▽
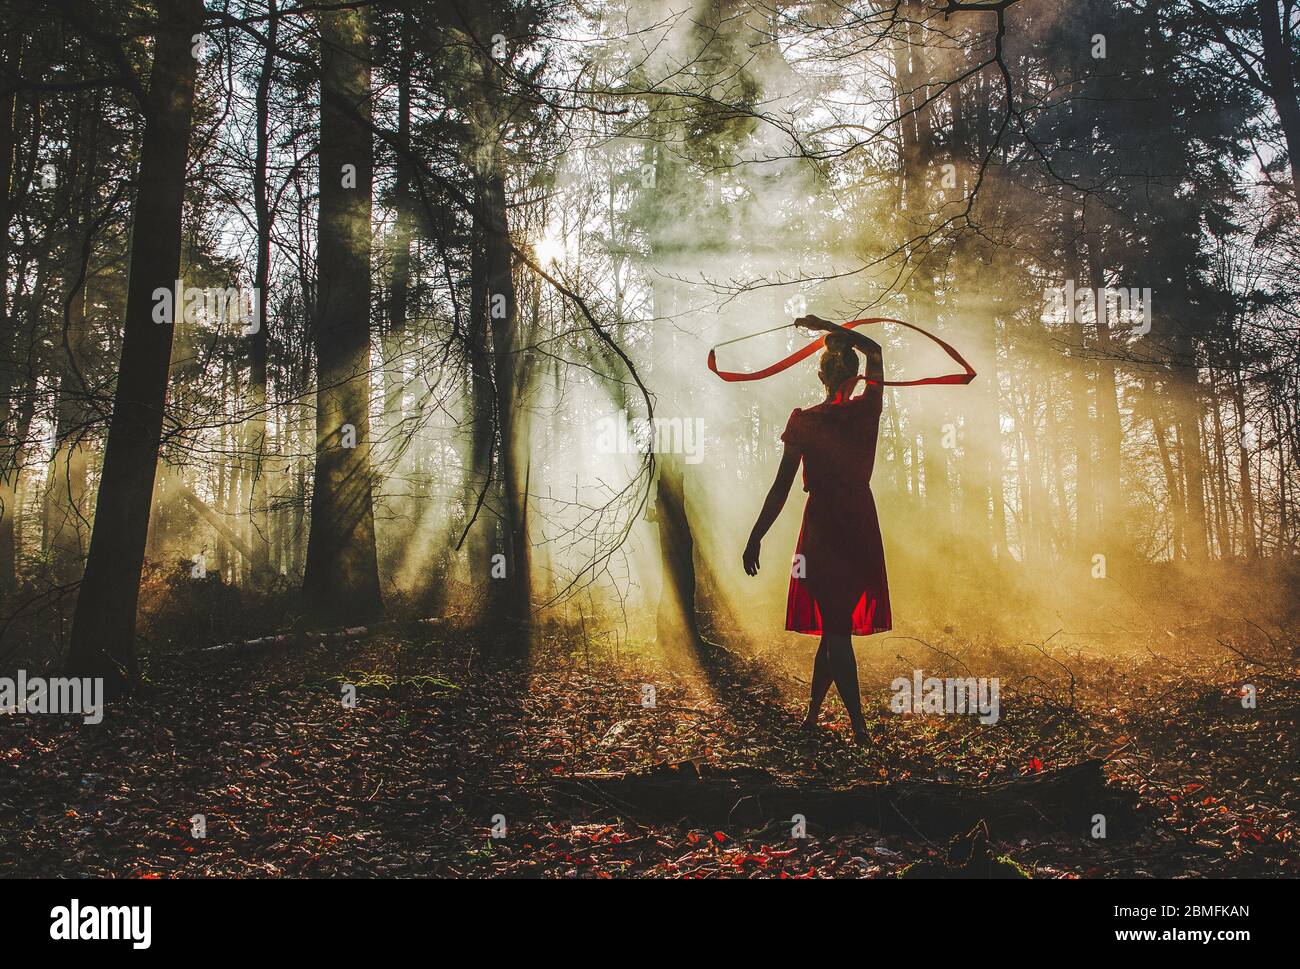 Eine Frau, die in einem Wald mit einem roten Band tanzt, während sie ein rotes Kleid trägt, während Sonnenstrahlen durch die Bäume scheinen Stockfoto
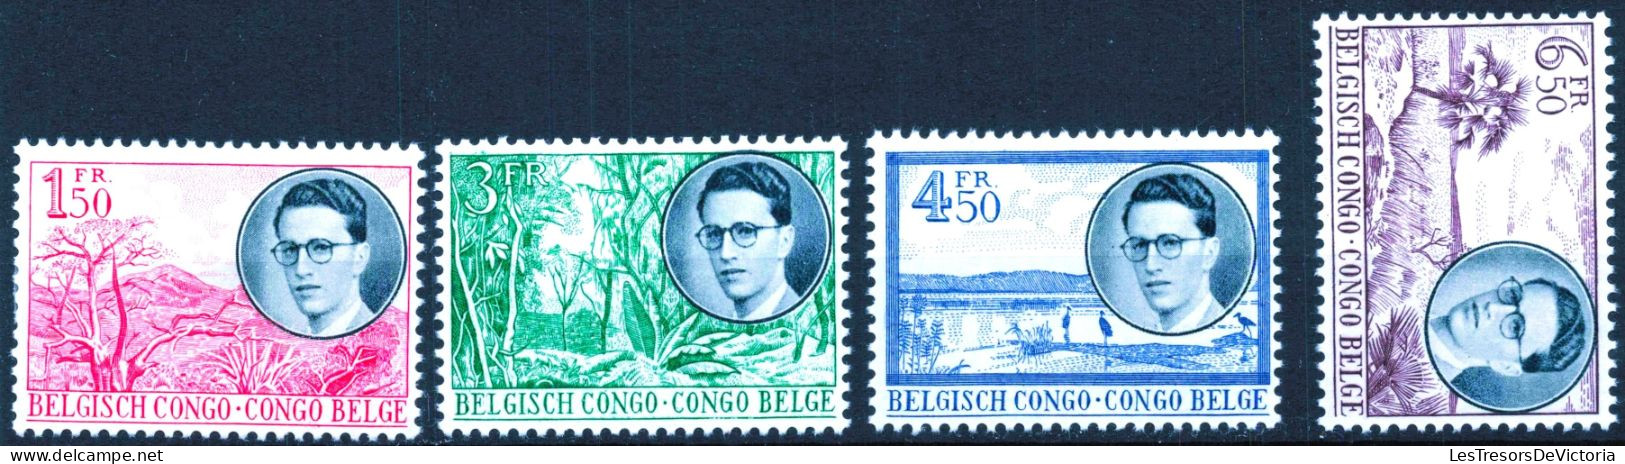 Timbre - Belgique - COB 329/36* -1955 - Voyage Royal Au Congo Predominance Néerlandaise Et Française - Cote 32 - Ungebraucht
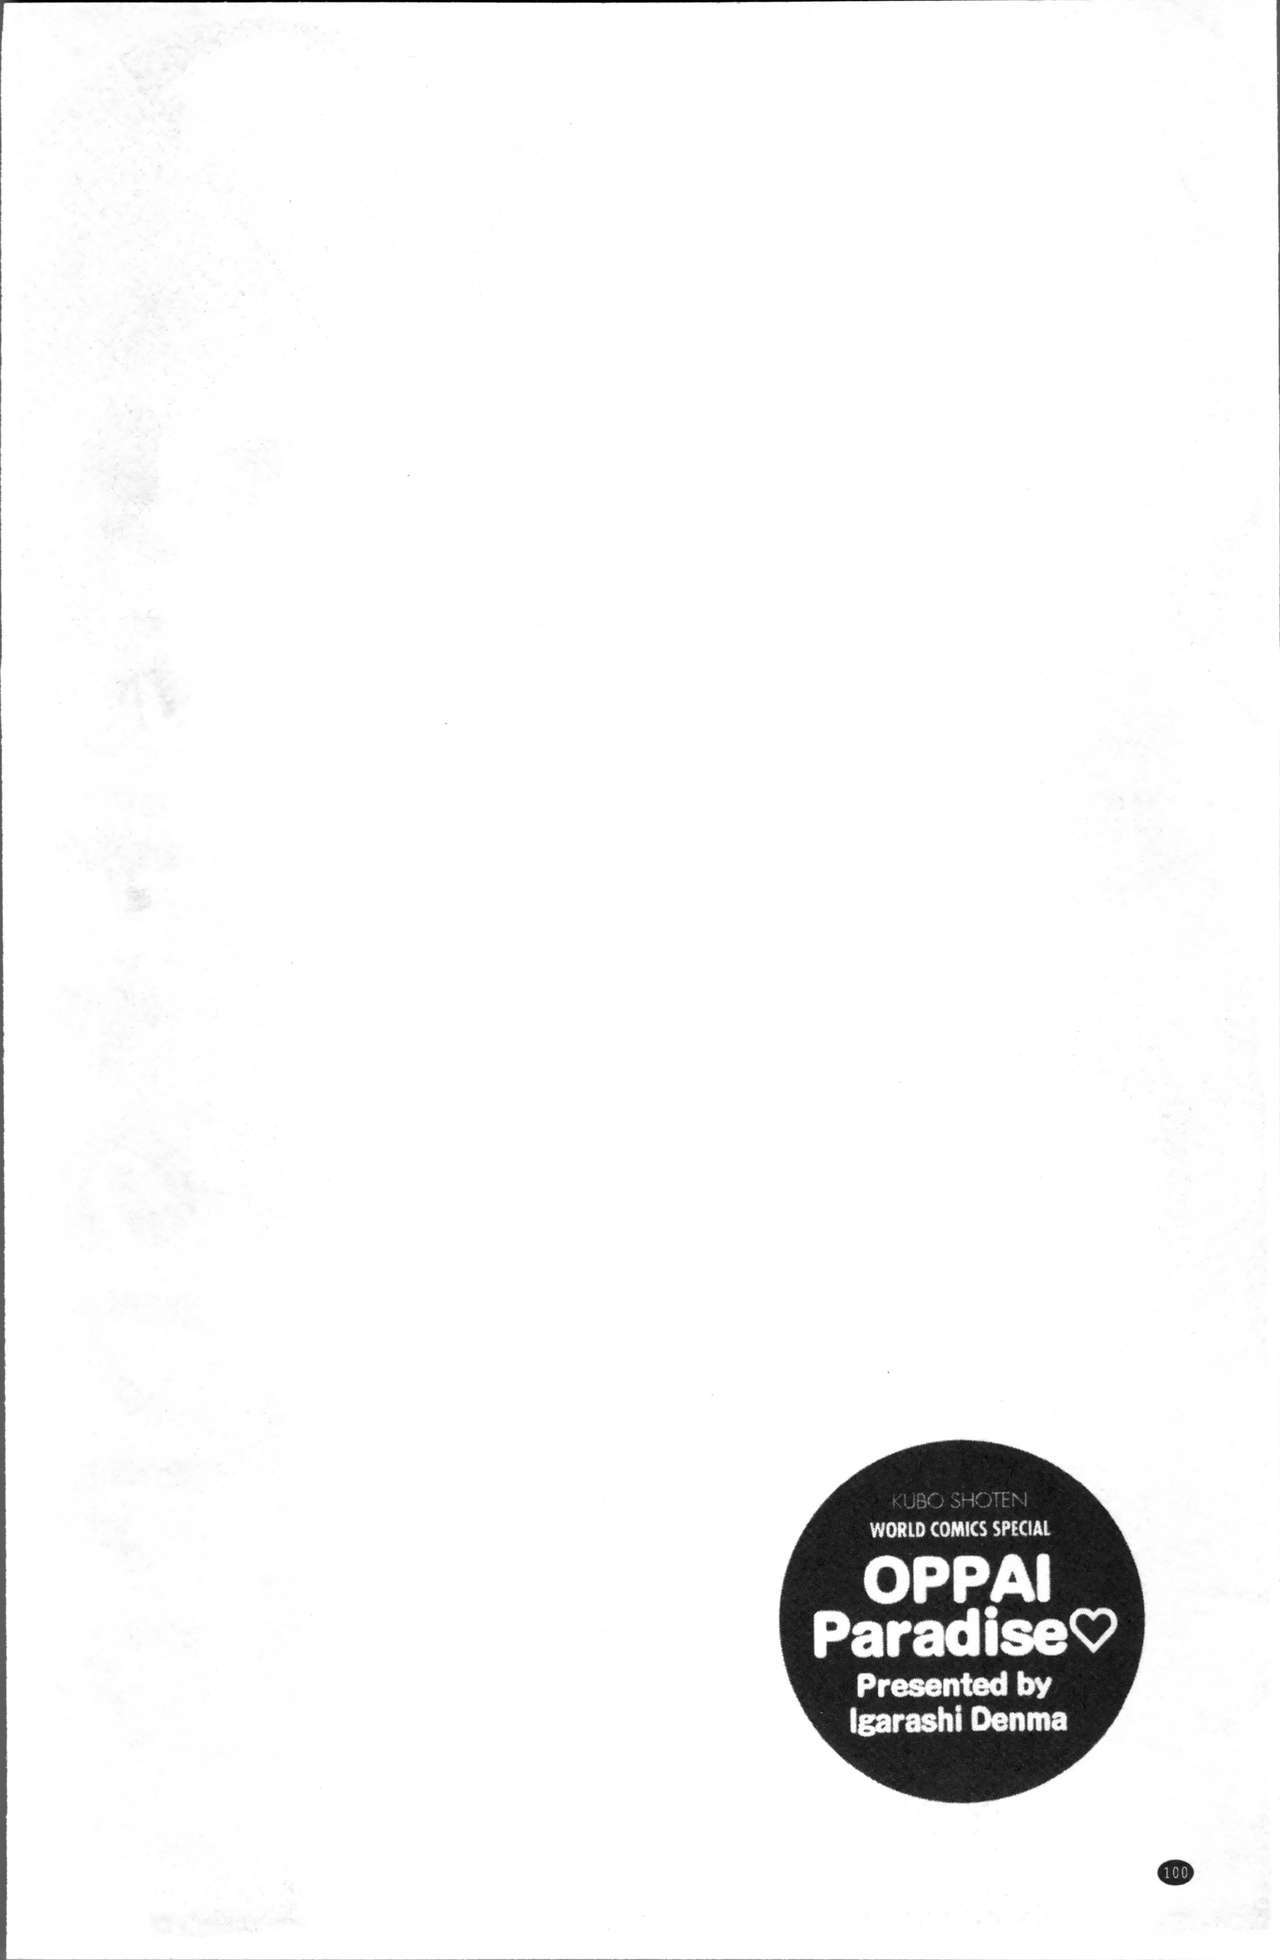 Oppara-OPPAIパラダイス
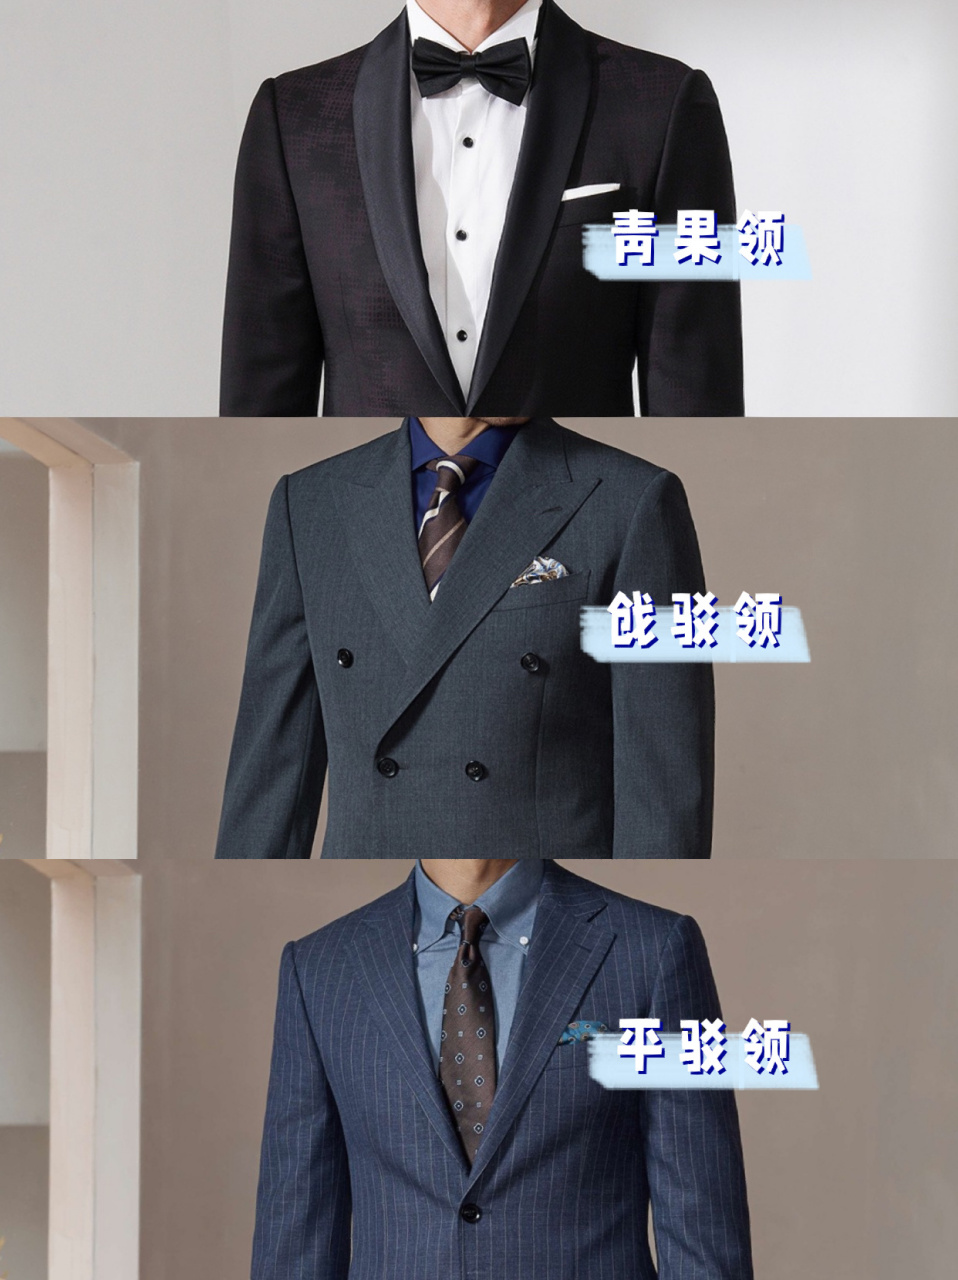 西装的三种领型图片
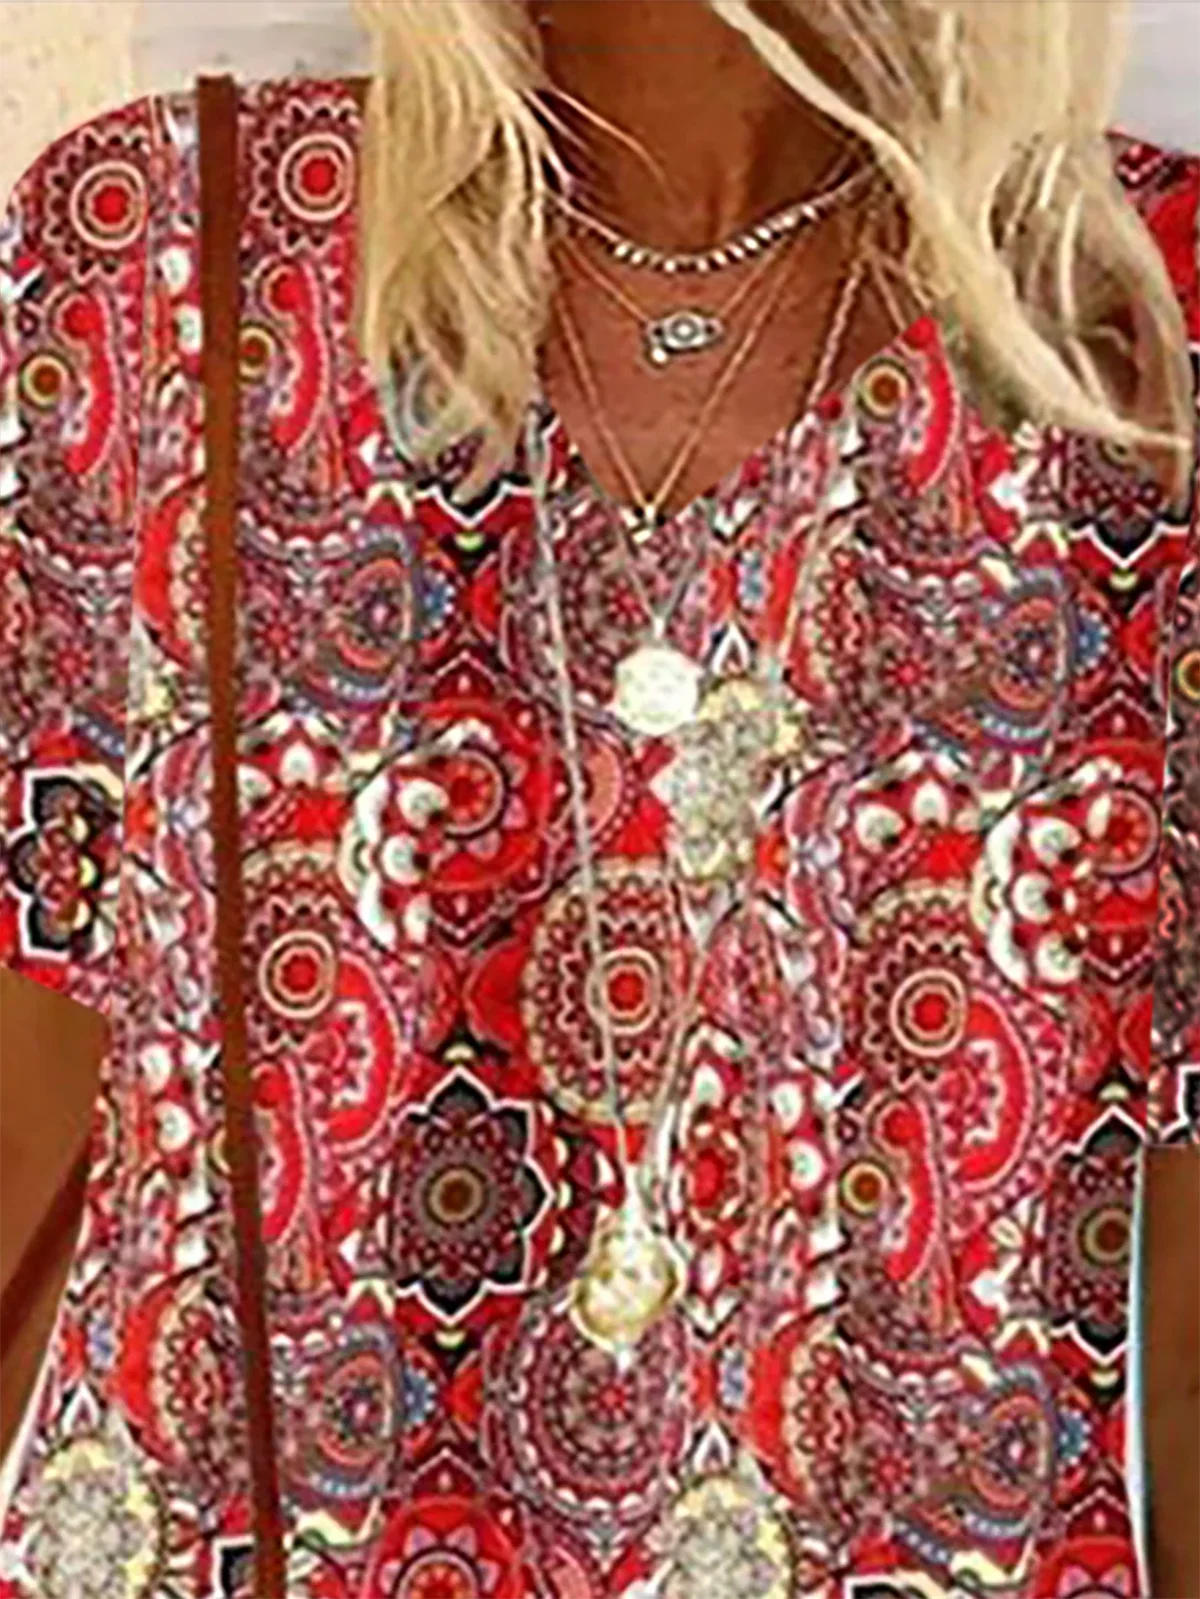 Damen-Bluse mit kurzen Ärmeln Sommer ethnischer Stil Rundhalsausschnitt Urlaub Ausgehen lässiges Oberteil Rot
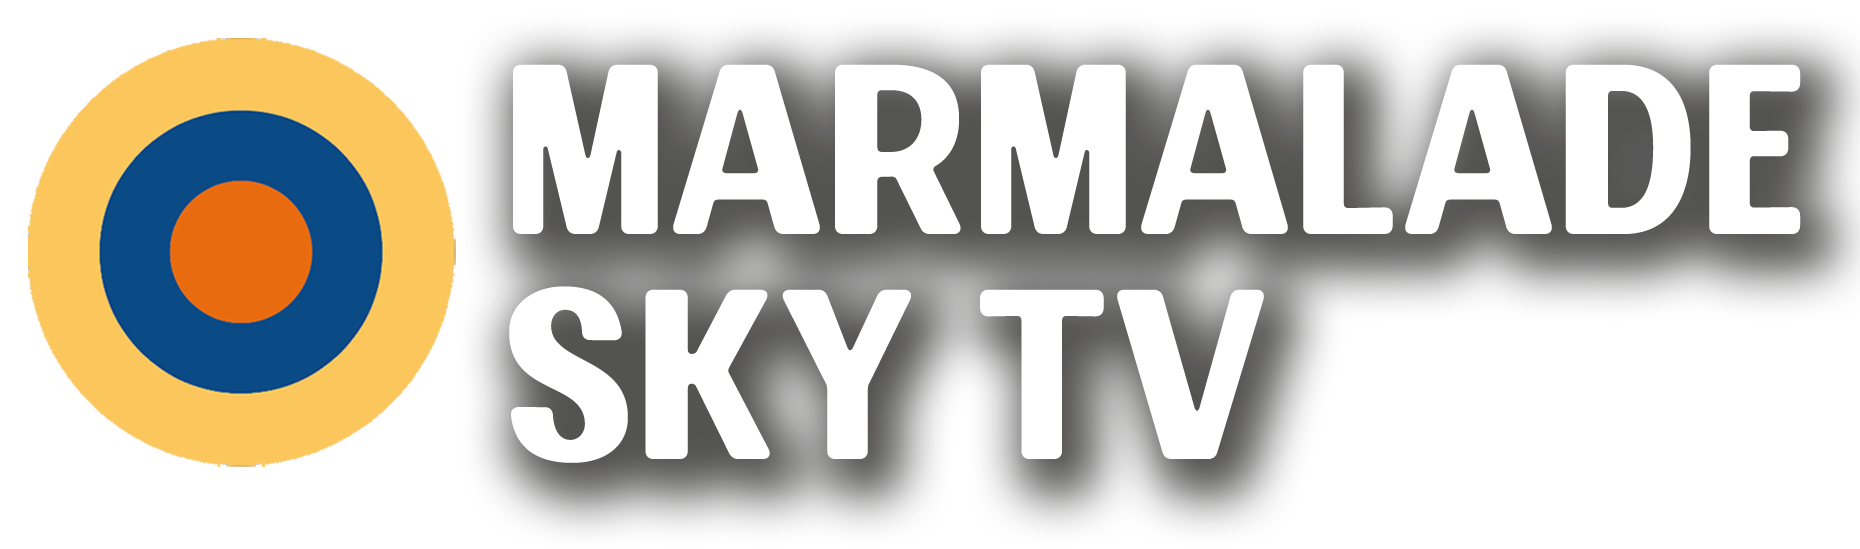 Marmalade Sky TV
△
- PROBLEM TO SOLVE -
The records above should be duplicated exactly, with none of their pictures kept.

- RESPONSE TO THIS EXERCISE -
 Eine Frau, die in einem Wald mit einem roten Band tanzt, während sie ein rotes Kleid trägt, während Sonnenstrahlen durch die Bäume scheinen Stockfoto
 Timbre - Belgique - COB 329/36* -1955 - Voyage Royal Au Congo Predominance Néerlandaise Et Française - Cote 32 - Ungebraucht
 Oppara-OPPAIパラダイス
 西装的三种领型图片
 Damen-Bluse mit kurzen Ärmeln Sommer ethnischer Stil Rundhalsausschnitt Urlaub Ausgehen lässiges Oberteil Rot
 Marmalade Sky TV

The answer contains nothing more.